CA Sales (CAA) -1.80%
CA Sales Holdings announced an agreement to acquire a 71.19% stake in Main Street Holdings, the parent company of Sunpac, for an anticipated purchase price of approximately R197.6 million, subject to final earnings adjustments and capped at R208.6 million. The transaction will be funded from internal cash resources and remains subject to regulatory approvals. Sunpac is a South African distributor providing end-to-end category management and route-to-market services for international brands and retailers. The acquisition strengthens CA&S’s capabilities in the growing private and confined label segment while supporting expansion across multinational and regional brand portfolios.
Mantengu (MTU) +8.57%
The JSE has publicly censured Mantengu Limited for breaching disclosure obligations under paragraph 3.9 of the Listings Requirements. The breach relates to the company’s failure to publish a cautionary announcement in June 2023 after becoming aware that confidentiality surrounding a binding offer to acquire a mining subsidiary had been compromised. The information constituted price-sensitive details that could have influenced trading in the company’s securities. The transaction was only formally disclosed in October 2024. The JSE noted that the lapse undermined market transparency and investor confidence, warranting a public censure.
Orion Minerals (ORN) -5.13%
Orion Minerals reported progress across its Northern Cape development projects during the half year ended 31 December 2025. The company secured a US$250 million prepayment facility to support development of the Prieska Copper Zinc Mine, advancing construction planning, shaft dewatering and operational readiness. Optimisation of the Okiep Copper Project continued, incorporating additional exploration data and advancing infrastructure, including a wastewater dam. Orion targets first production by late Q1 2027, with steady-state output of over 30ktpa of copper and 65ktpa of zinc. The interim operating loss narrowed to AUD6.42 million, with improved loss-per-share metrics.

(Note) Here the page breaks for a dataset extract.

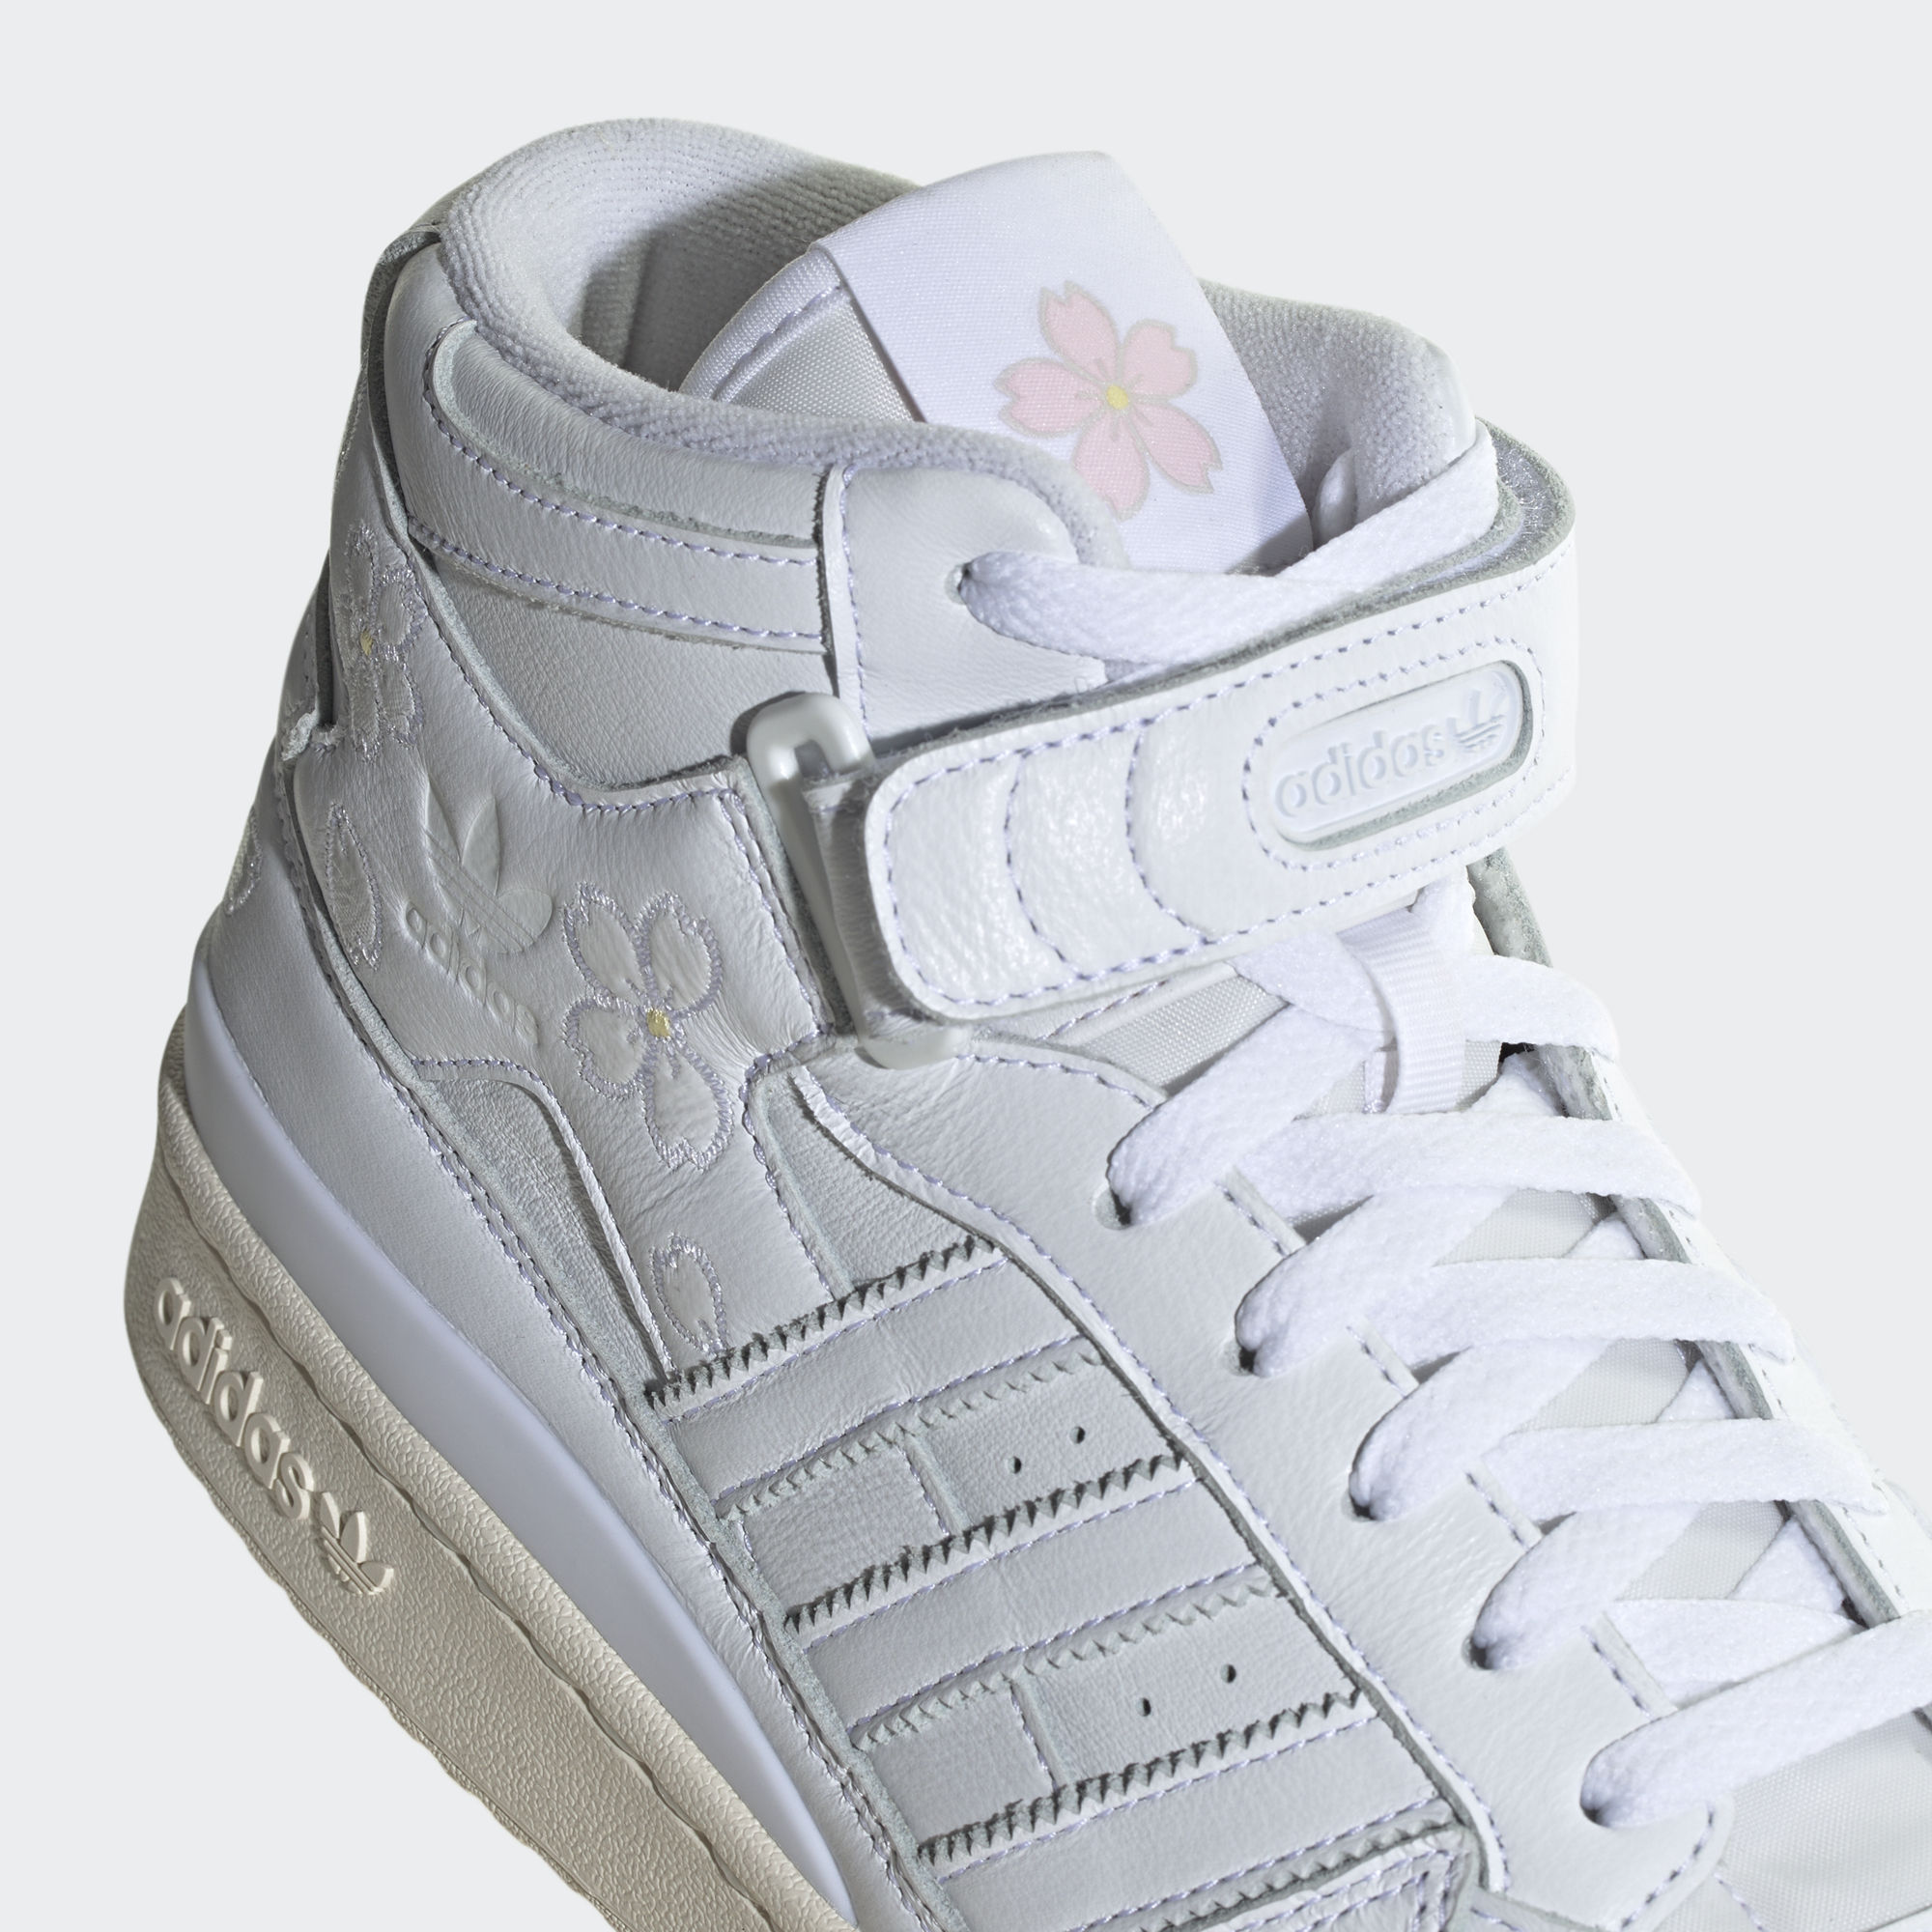 FORUM MID HANAMI 運動鞋- 白色| 男子| adidas(愛迪達)香港官方網上商店

Embraer S.A. (EMBR3) -8.05%
Embraer expects aircraft deliveries to increase by up to 9.4% in 2026 to as many as 255 units, supported by continued global demand for regional and executive jets. Commercial aircraft deliveries are projected at 80–85 units, while business jet deliveries are expected to reach 160–170 units. The outlook implies revenue growth to between $8.2 billion and $8.5 billion, following a record $7.6 billion in 2025. Fourth-quarter revenue rose 15% to $2.65 billion, although core profit declined 8.9% to $298.4 million. The company may also benefit from the reinstatement of zero U.S. tariffs on sector exports.
OpenAI
Caitlin Kalinowski, OpenAI’s head of hardware, has resigned following concerns over the company’s agreement to deploy its AI models on U.S. Department of Defense classified cloud networks. Kalinowski indicated the decision was taken without sufficient governance deliberation, particularly regarding potential surveillance and autonomous weapons risks. OpenAI stated that the agreement includes safeguards and reiterated that its policies prohibit the use of its technology for domestic surveillance or autonomous weapons. The development highlights growing governance scrutiny around the military application of advanced artificial intelligence systems.